I refuse to be him. He has the potential to be a really great guy but he does not seem to know he has a problem. I am in therapy and whatnot right now so that I can break this chain of suck. I will most likely not have kids if I feel that I am not up to the challenge... but if I decide to, I will take parenting classes and all of that first to make sure that I am as ready as I can be.

Tech-Daddy
09-23-2008, 10:19 PM
Just remember this:
Never punish a child to discipline them.

"discipline" - The root word is disciple, which means "to teach".

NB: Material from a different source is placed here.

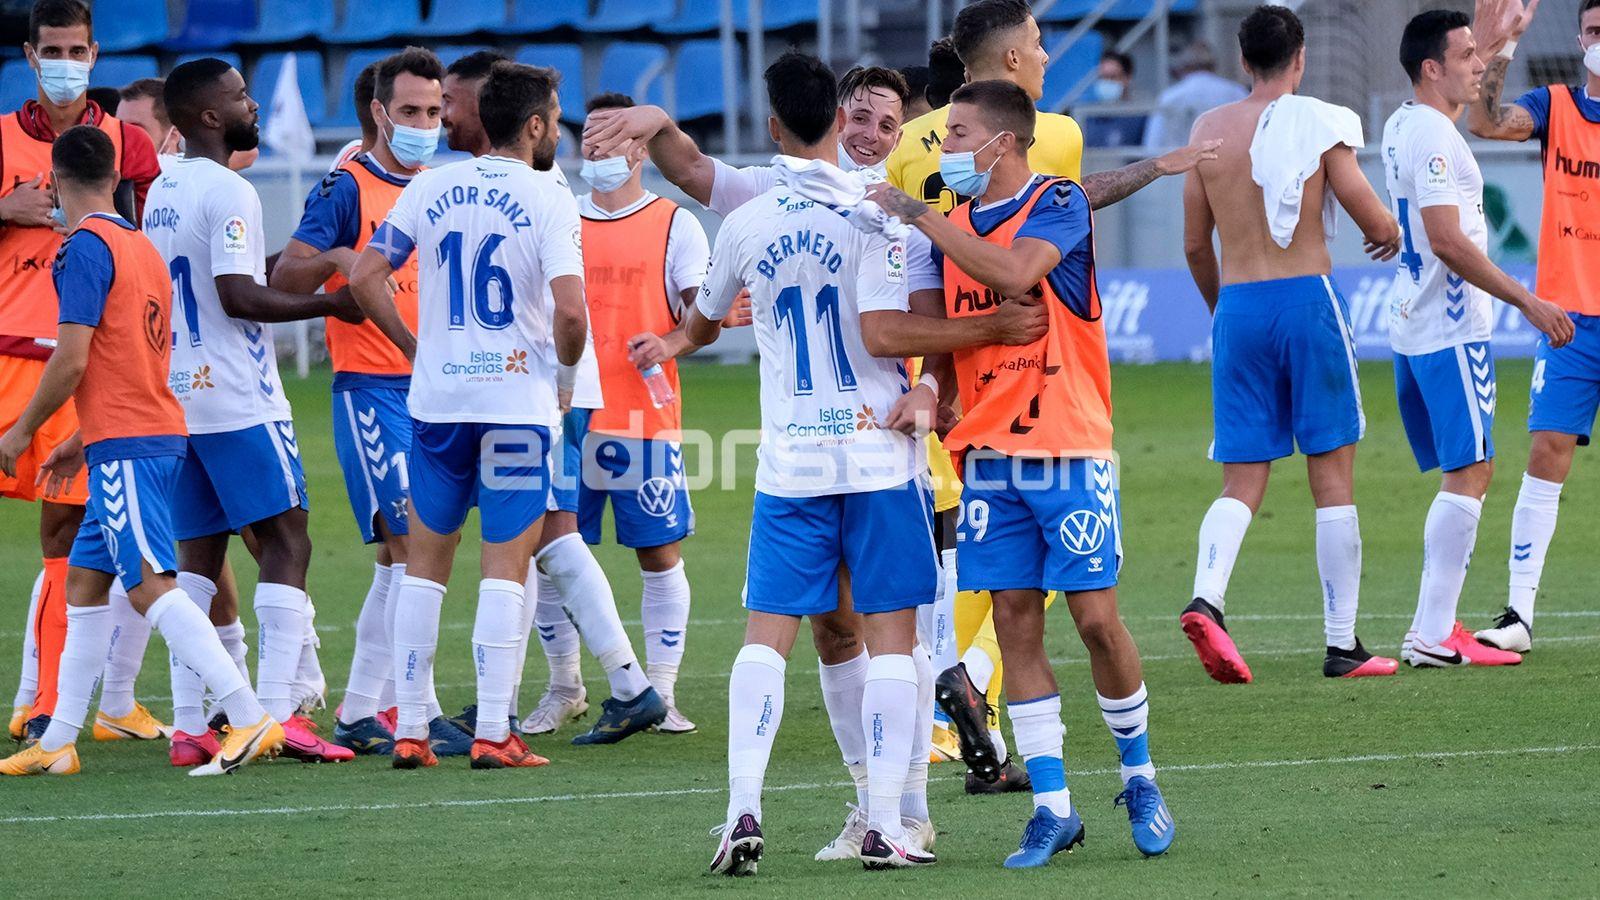 Fran Sol y Jorge Padilla abrazan a Bermejo tras pitido final | @jacfotografo

As others have said, do not punish out of anger. Sometimes you have to immediately enforce a bad decision that your shild has made, and you ahve to alter the behavior now. Perfect example, my daughter ran into a McDonalds parking lot, from behind an obscured exit, blind to oncoming traffic. I still hear the car brakes, and see the bumper and grill dipping down as the brakes were jammed on. I still see my daughter happily running away from me thinking it is all some sort of game. It was a night mare that I still have not fully shaken.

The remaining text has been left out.